Reproduce the whole listing that follows, character for character, and drop the images.

**** Collected data

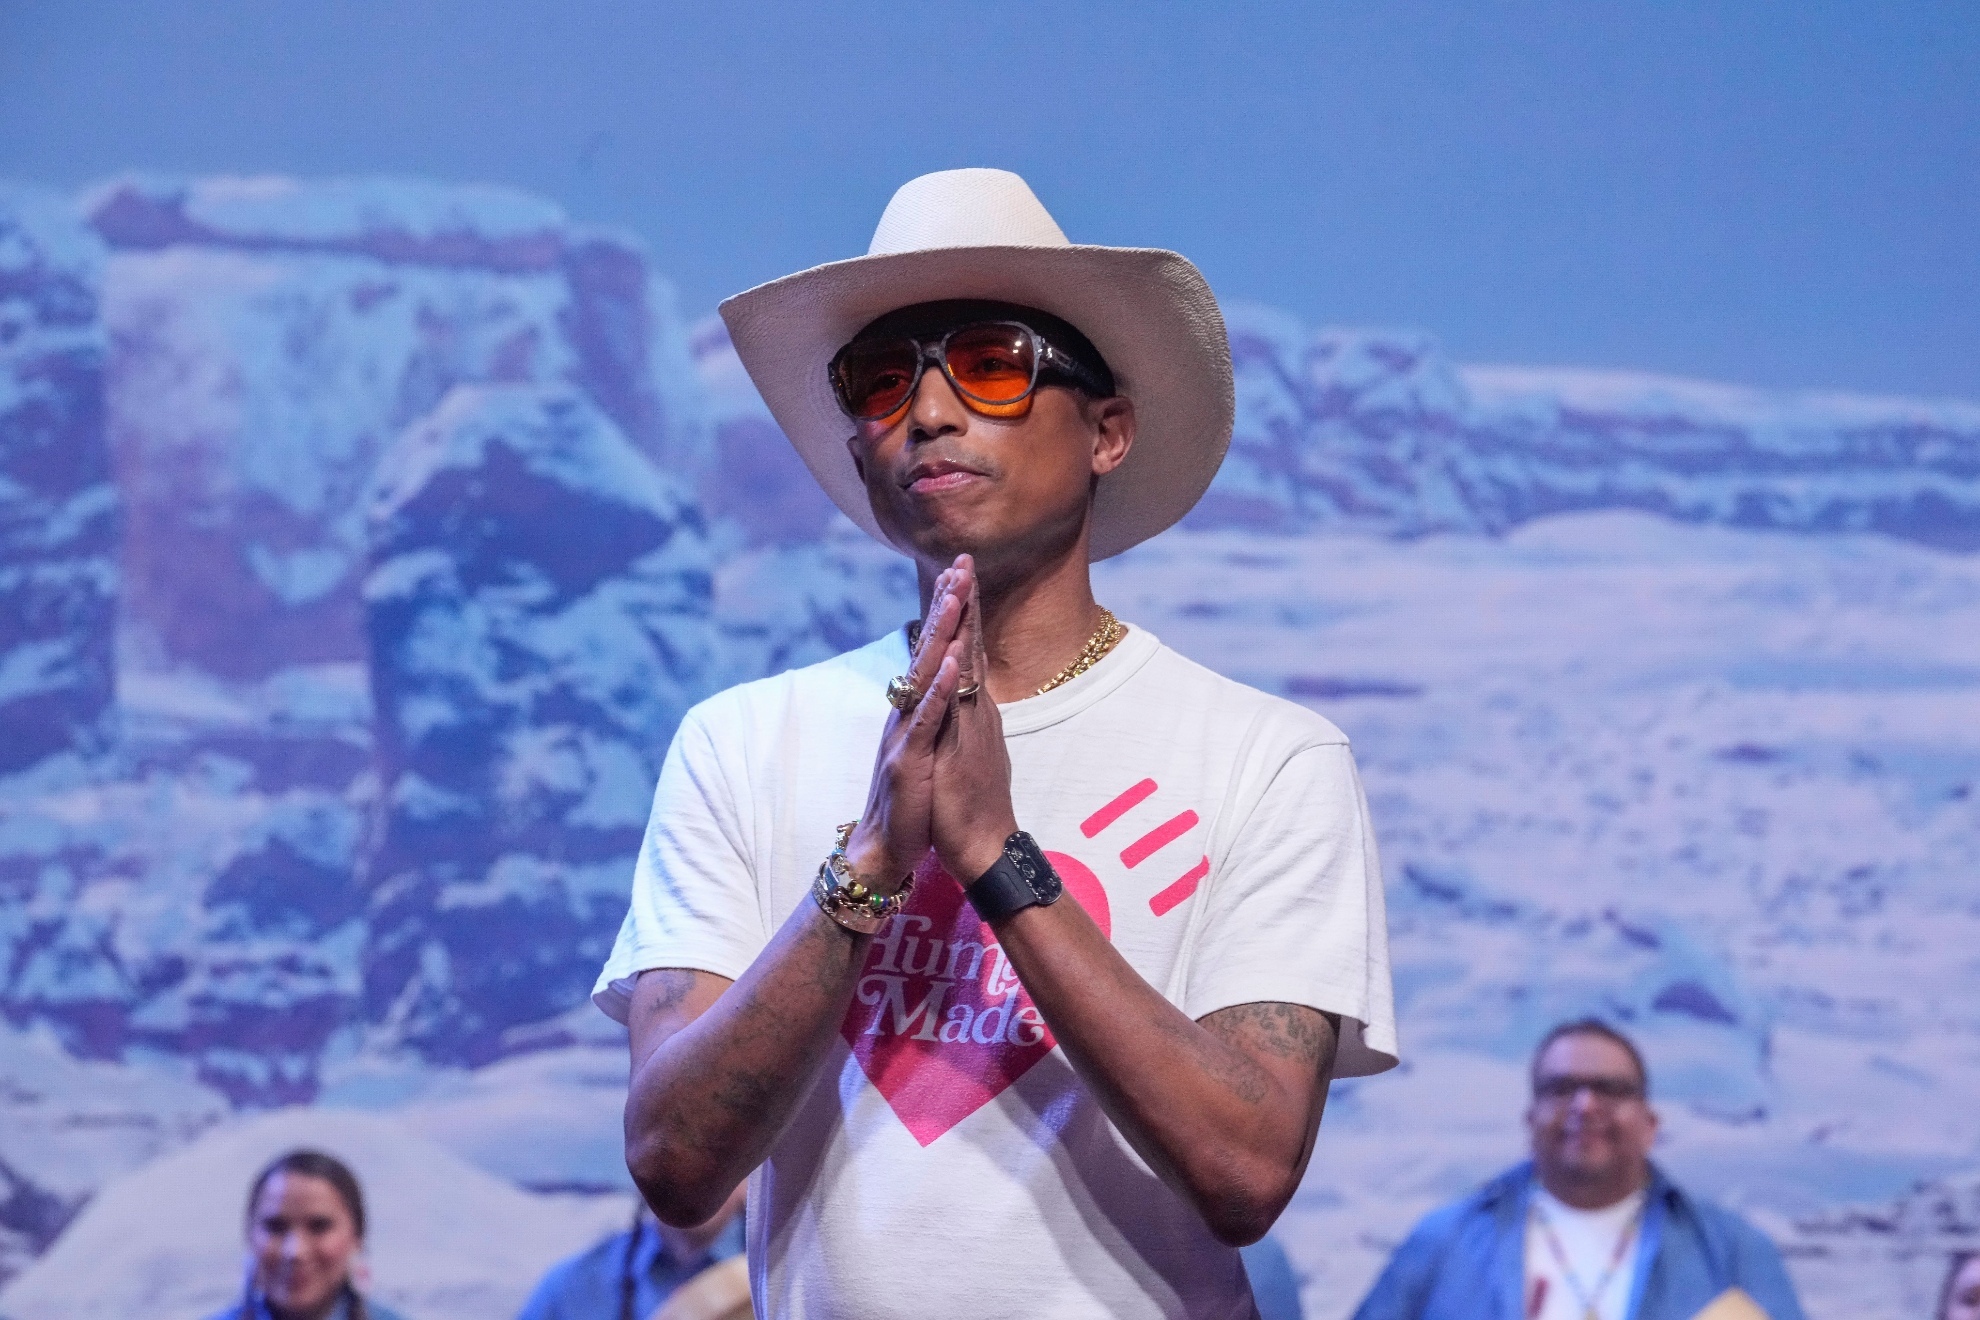 Pharrell Williams at a fashion event
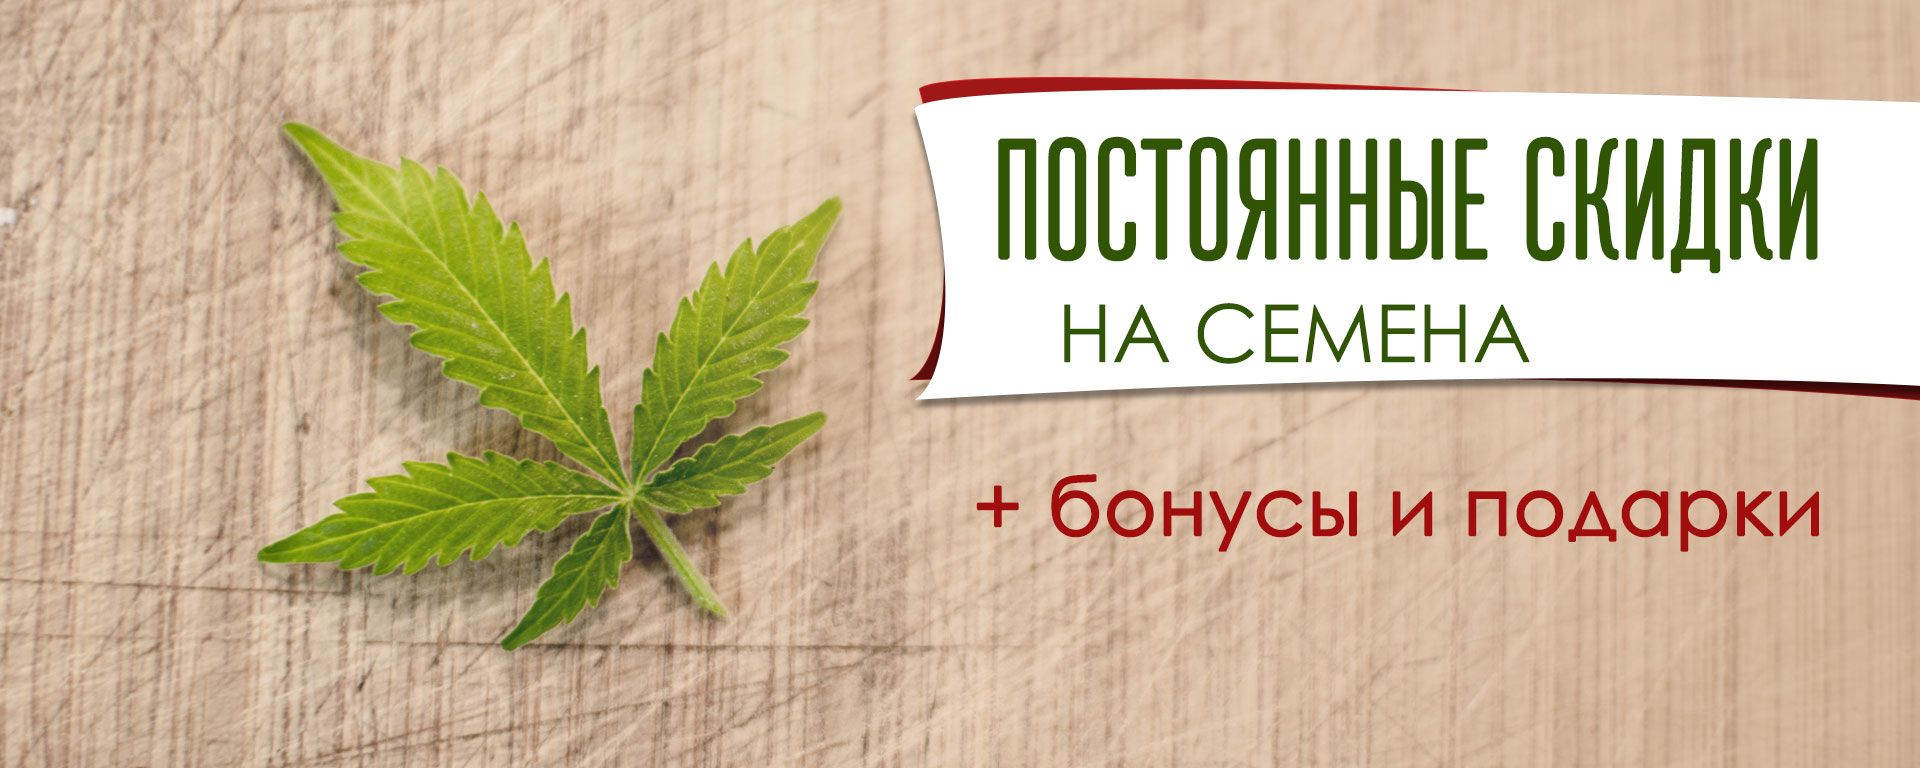 Банк семян марихуаны в украине семена канабиса афган
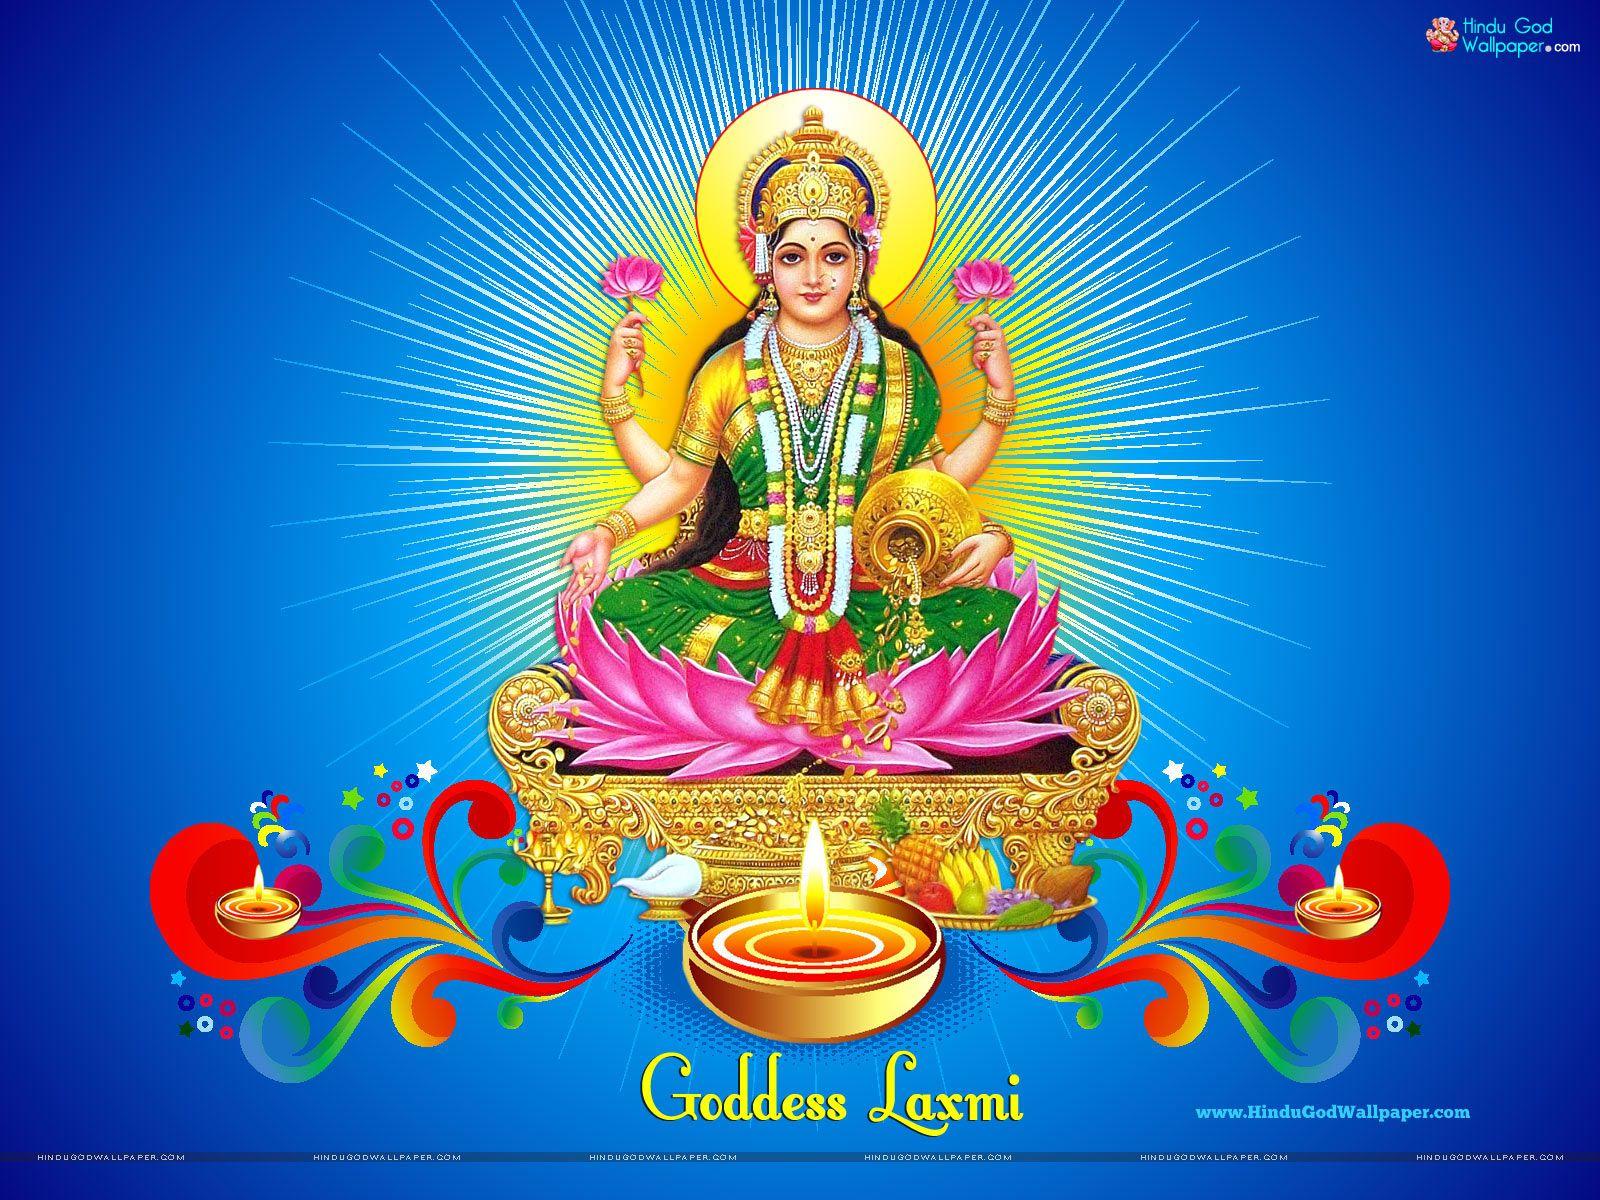 Goddess Laxmi HD Wallpaper Full Size High Resolution Download. Epic
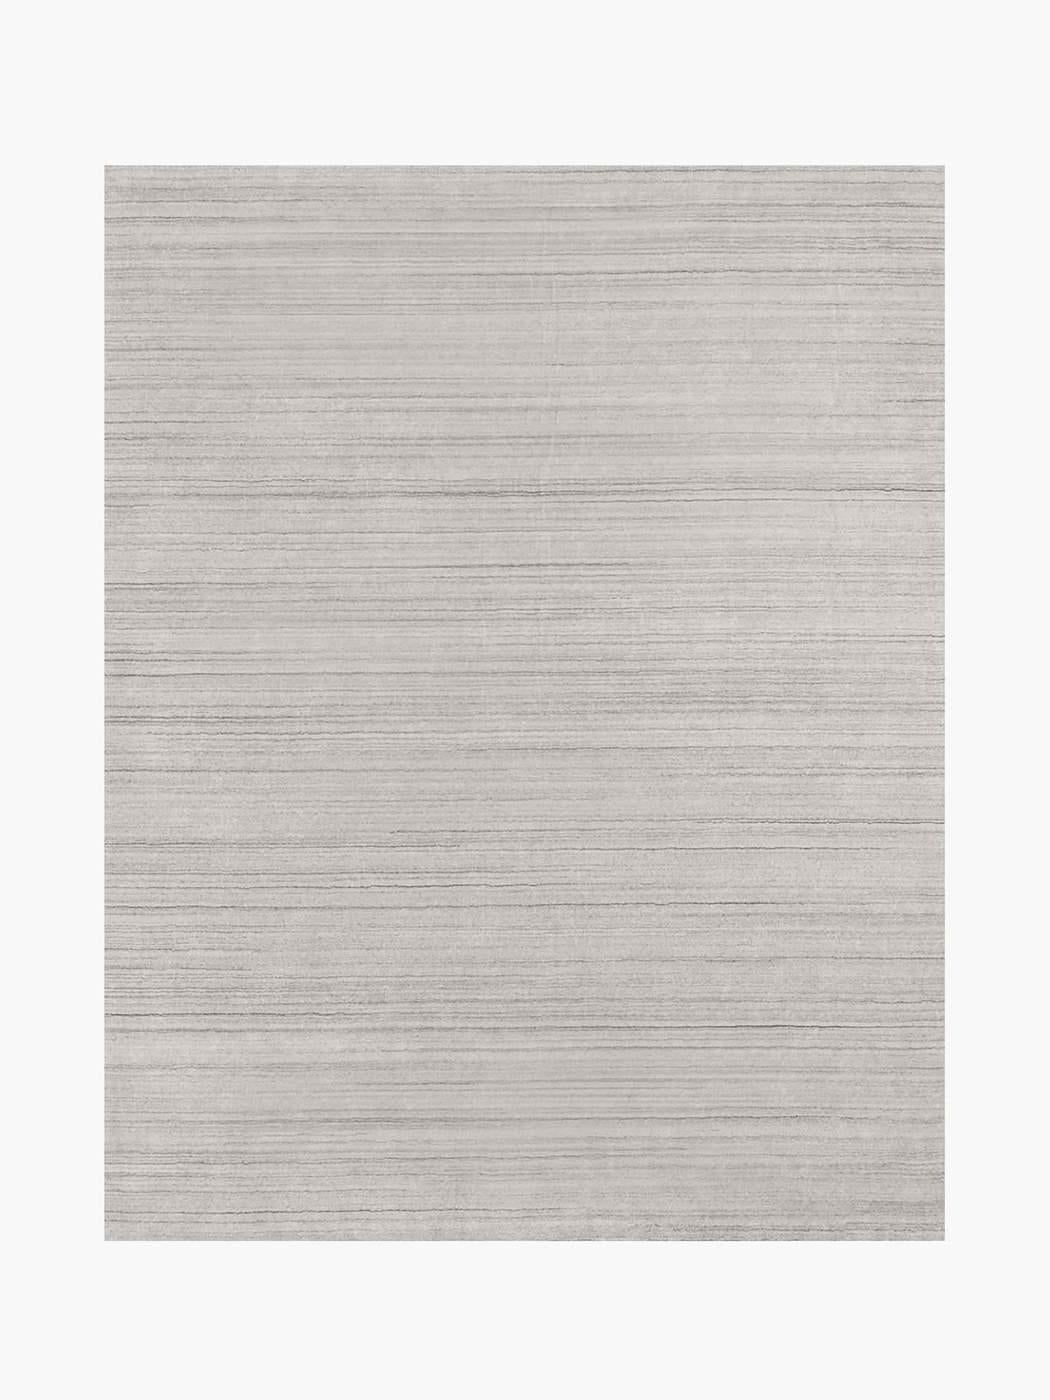 For Sale: Beige (Performance Savilla Sand) Ben Soleimani Performance Savilla Rug– Hand-knotted Medium Pile White 10'x14'

********

* **Response to the task**:
 Pharrell Williams at a fashion event
 Банк семян марихуаны в украине семена канабиса афган
 Goddess Laxmi HD Wallpaper Full Size High Resolution Download. Epic
 For Sale: Beige (Performance Savilla Sand) Ben Soleimani Performance Savilla Rug– Hand-knotted Medium Pile White 10'x14'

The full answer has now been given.